__What you are asked to do__
The lines below, from the one holding "law firm logo" through the one holding "Phrase FAST FASHION", are to be restated word for word, with all images left out.

__Data shown__

*** Begin section ***

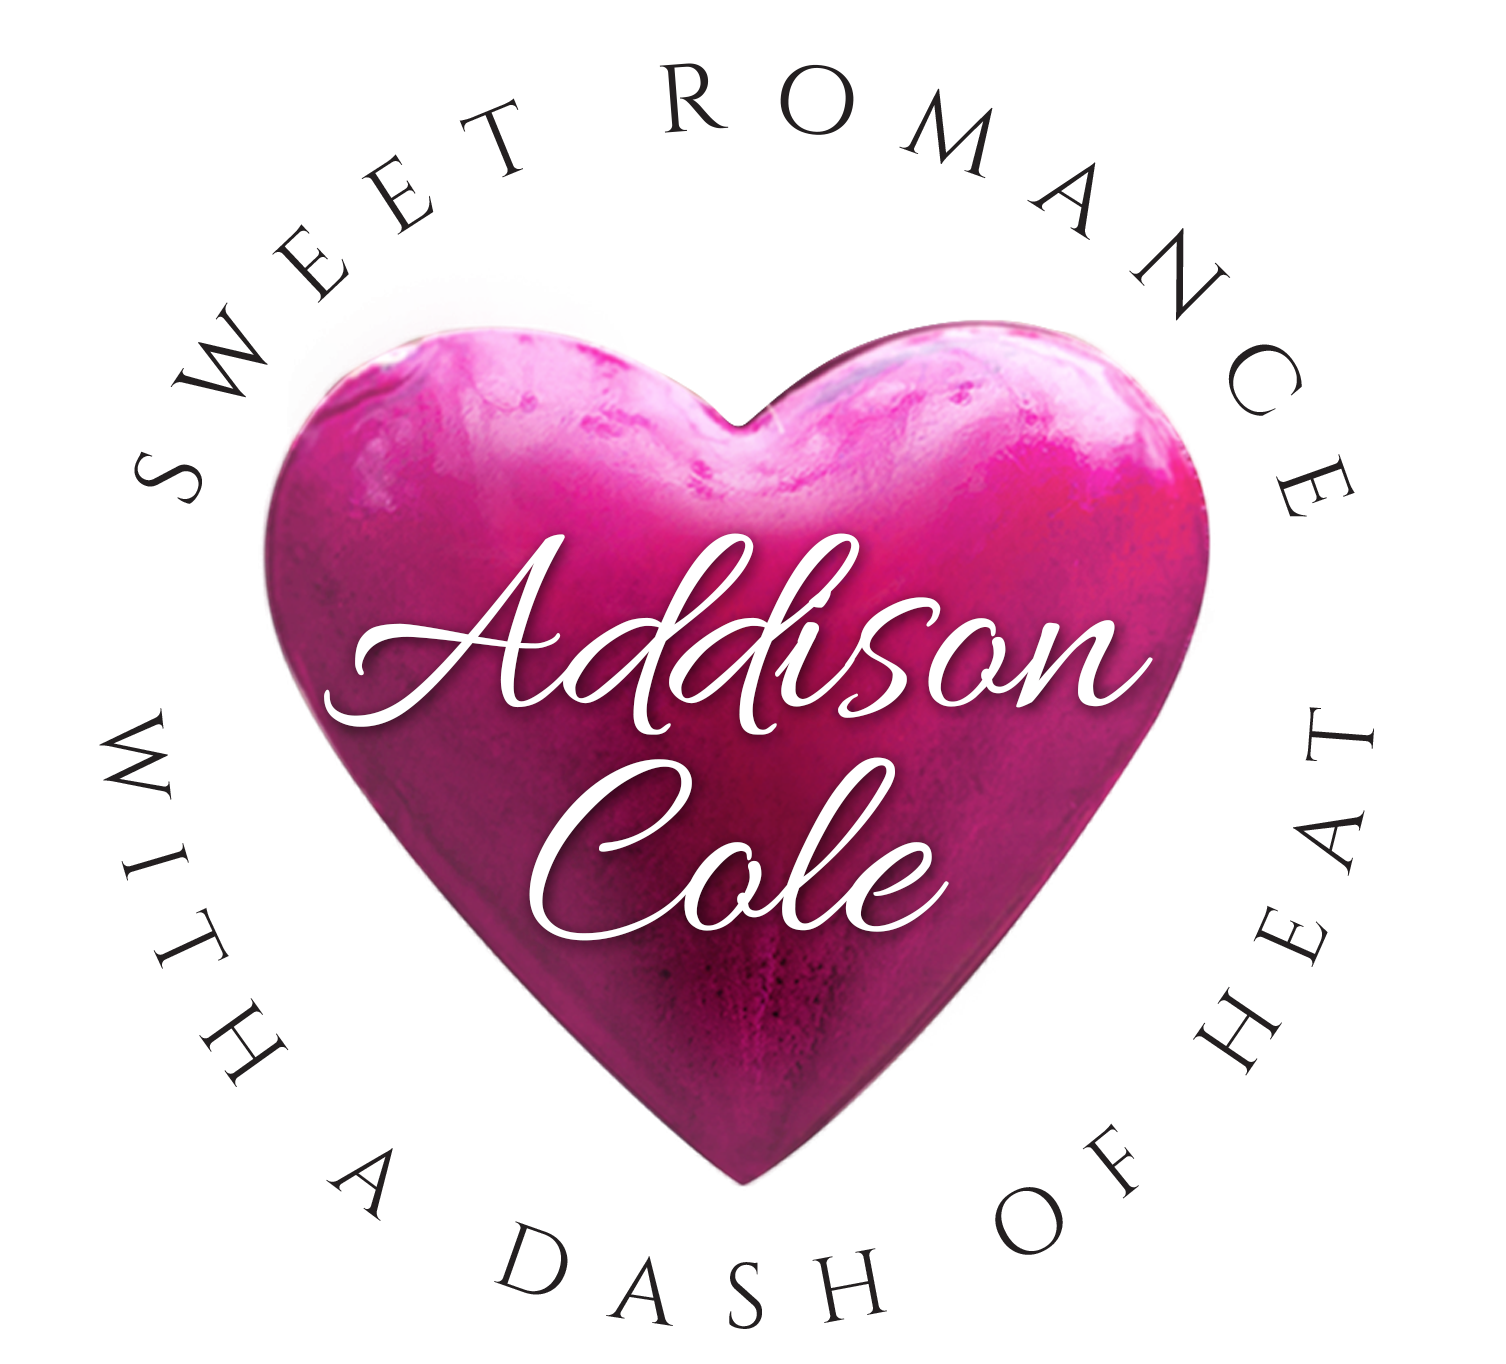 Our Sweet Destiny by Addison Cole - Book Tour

*** End section ***
*** Begin section ***

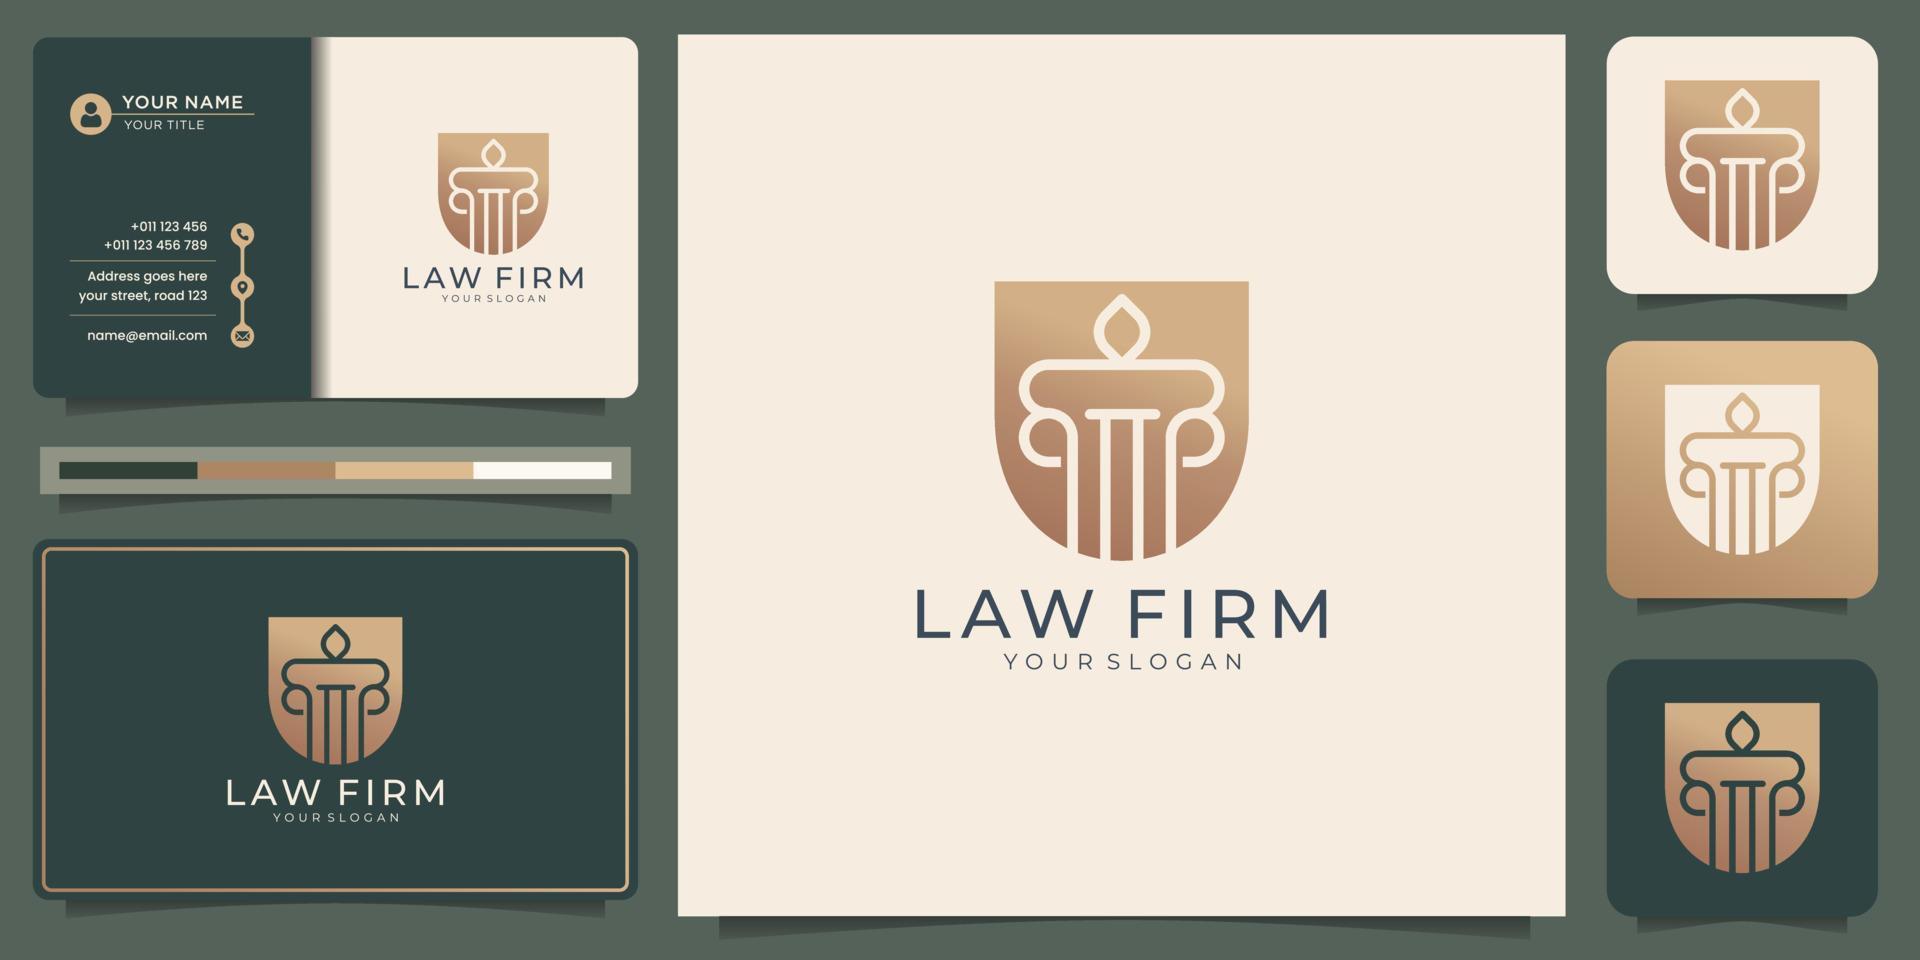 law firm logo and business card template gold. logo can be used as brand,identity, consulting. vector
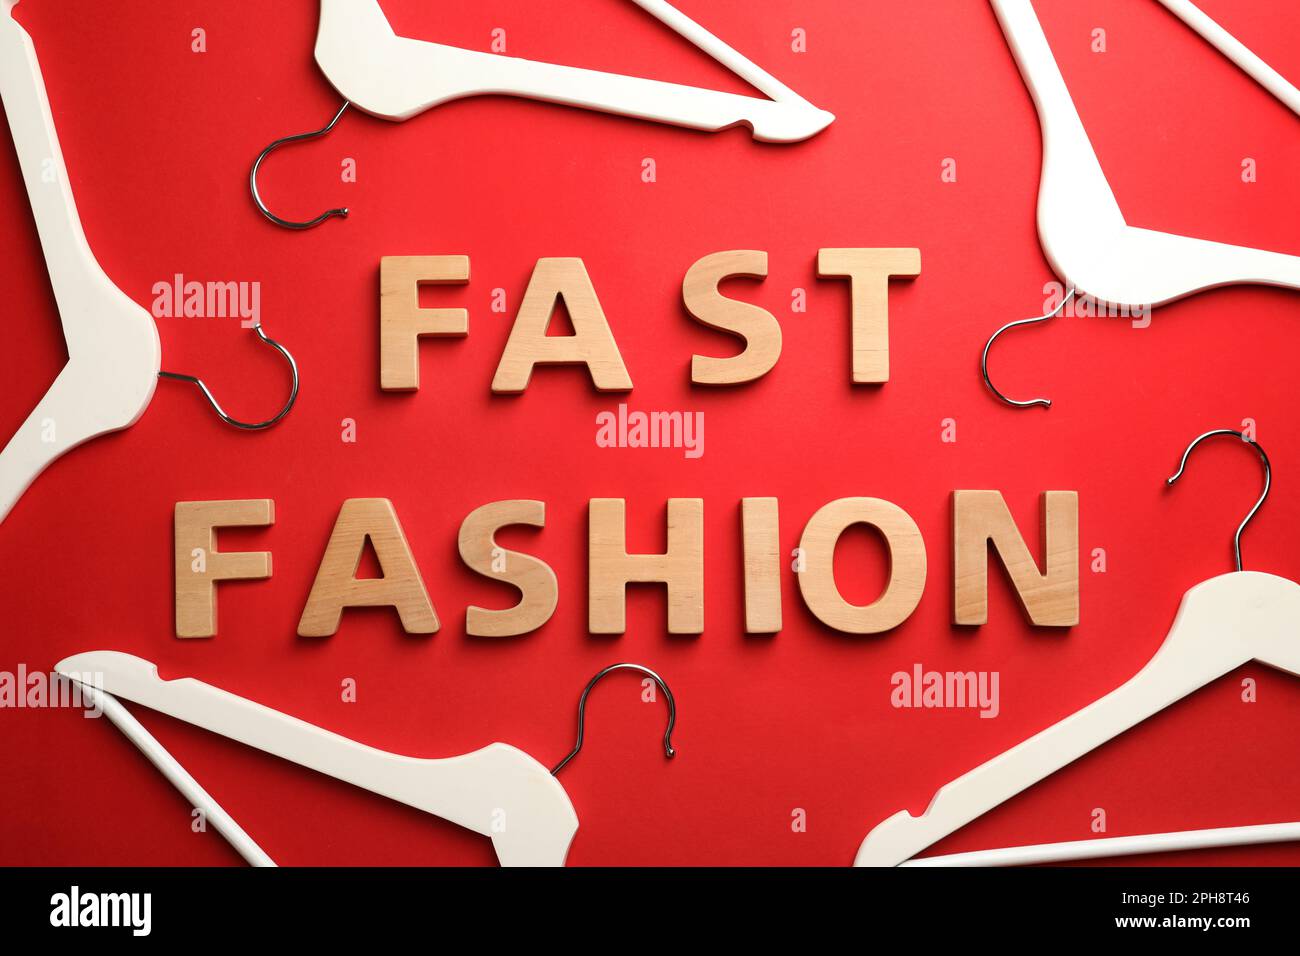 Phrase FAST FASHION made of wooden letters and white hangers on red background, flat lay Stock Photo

*** End section ***

__Answer for the task__
 law firm logo and business card template gold. logo can be used as brand,identity, consulting. vector
 Phrase FAST FASHION made of wooden letters and white hangers on red background, flat lay Stock Photo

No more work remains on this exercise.